Website:* www.heldediting.com
*Facebook:* www.facebook.com/heldeditingservices
*E-mail:* heldediting AT gmail DOT com

*Testimonials*

"I am very pleased with the editing work Tony did on my last novel. Not only did he grind through it in an efficient manner, but he also provided me with timely updates and sought my input on suggested changes."

Stephen Randorf, author of the Detective Bass Mystery Series

"Working with Tony Held helped me to significantly improve my book, add needed scenes/chapters and remove unnecessary elements. His chapter by chapter feedback was detailed and pointed out where I needed character or scene development, had inconsistencies from any point in the book to another or had simply nailed it and he loved it. He was timely in responses to me and I couldn't be more satisfied with the experience. I highly recommend working with Tony."

Patrick Adams
Owner, Patrick Adams Books

*(Pardon the messy thread below. My business has experienced much evolution since I first set up shop in 2013.)*


----------



## JRTomlin (Jan 18, 2011)

Sounds like a really good deal, Tony, and you have impressive credentials it looks like. I have my next edit booked, but I'll definitely keep you in mind.


----------



## maineavalanche (Mar 22, 2013)

I'm having some works edited by Tony right now and so far I am nothing but happy and Tony has been very professional.


----------



## Guest (Oct 8, 2013)

> I also throw in free reviews of all the books I edit upon their publication. I post my reviews to Amazon.com, Goodreads, and other venues to help get word of mouth publicity started about the book.

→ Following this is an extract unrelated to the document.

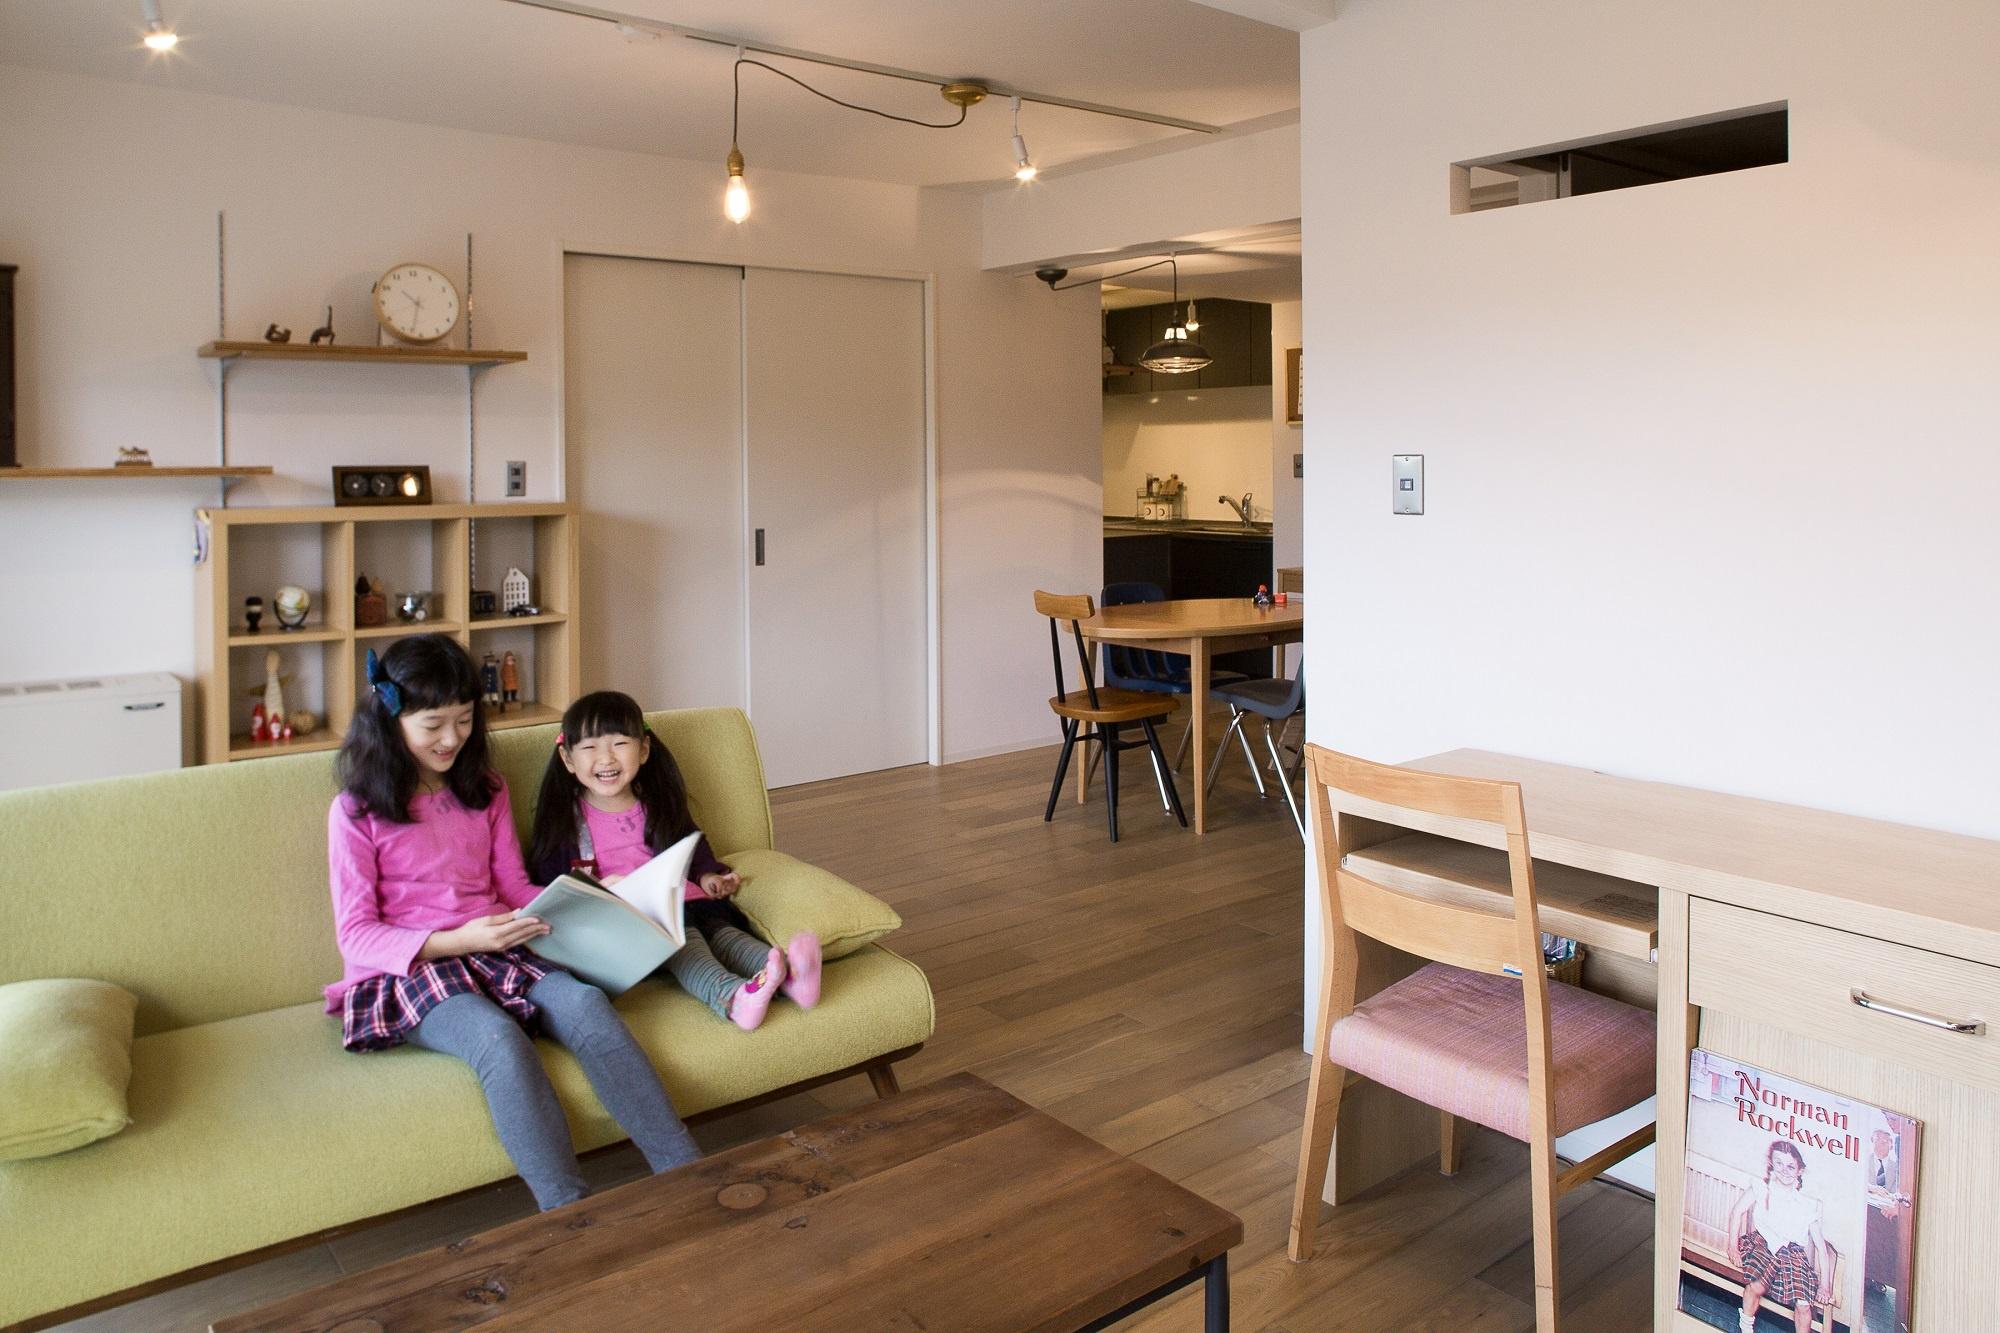 和室をなくして広げたリビングは、今後子供の成長に合わせ再度仕切って個室にする予定。将来は子供部屋も仕切り、親子4人分の個室設置を想定した未来を見据えたプランです

You do realize that this is a violation of the Amazon review TOS, correct? 


> What's not allowed
> Amazon is pleased to provide this forum for you to share your opinions on products. While we appreciate your time and comments, we limit customer participation to one review per product and reserve the right to remove reviews that include any of the following:
> 
> Objectionable material:
> ...


Further, if you are not disclosing your relationship with the author when posting the reviews, you are also violating FCC regulations regarding disclosure and endorsements. Amazon might just ban you from their site if you get caught. The FCC can fine you tens of thousands of dollars.


----------



## TonyWrites (Oct 1, 2013)

FYI: I am no longer offering reviews as a bonus to my work.  (I respect the Amazon TOS and FCC regulations.)


----------



## Betsy the Quilter (Oct 27, 2008)

Tony,

Welcome to KBoards! [br][br]You're welcome to promote your business and website here in the Writers' Café, but we ask that the same basic rules be followed as we have for authors in the Book Bazaar: you may have one thread about your service and must post to it rather than start a new thread each time. New threads about the service will be removed. Please bookmark this thread so that you can find it again to post to. And, you may not make back-to-back posts to the thread within seven days. If someone responds (such as this post), you may reply but otherwise must wait seven days, thanks![br][br]Also, active members (10 or more posts on our forum, active in the last 60 days) may have a listing in the Yellow Pages for Authors. [br][br]Betsy [br]KBoards Moderator


----------



## Guest (Oct 18, 2013)

Hmm, flat rate editing?

Ok, so we have a title with 300K words.

Not the usual 60K to 120K novel.

A real beast.

Not to hold you to a flat rate, but you see the problem with this post.

I've never seen a legit proof read offer with a flat rate, not to say you're not legit, but it's kinda hard to do when a work can be 20k or 500K words. Time is money and you can't proof a 500K work as fast as you can 50K words.

But a good proofer is a need for many authors, especially Indies.

Good luck.


----------



## TonyWrites (Oct 1, 2013)

Hi Betsy:

Thanks for the welcome and guidelines.  

Hi Free eBooks:

Are you saying that in your opinion a proofreading rate should not be a flat one but an hourly one?

Hi Maine:

Thanks for the kudos!    The first project you sent me is almost done.


----------



## Kelsye (Aug 6, 2013)

Hi all, Just a quick note. I'm actually the co-founder of Writer.ly, where Tony lists some of his services. I've seen nothing but professional output from Tony. This guy walks the walk. We're lucky to have him on Writer.ly.


----------



## TonyWrites (Oct 1, 2013)

Hi Kelseye! 

Thanks for the kind note.
Writer.ly is a great place if you want to hire me using a third-party source. They are vastly superior when compared to ODesk and ELance because they are super professional, friendly, and easy to work with.

Here is a link to my Writer.ly profile:

https://www.writer.ly/UserAccount/EditingbyTony


----------



## Guest (Nov 5, 2013)

Tony - 

Am bookmarking the page for future reference.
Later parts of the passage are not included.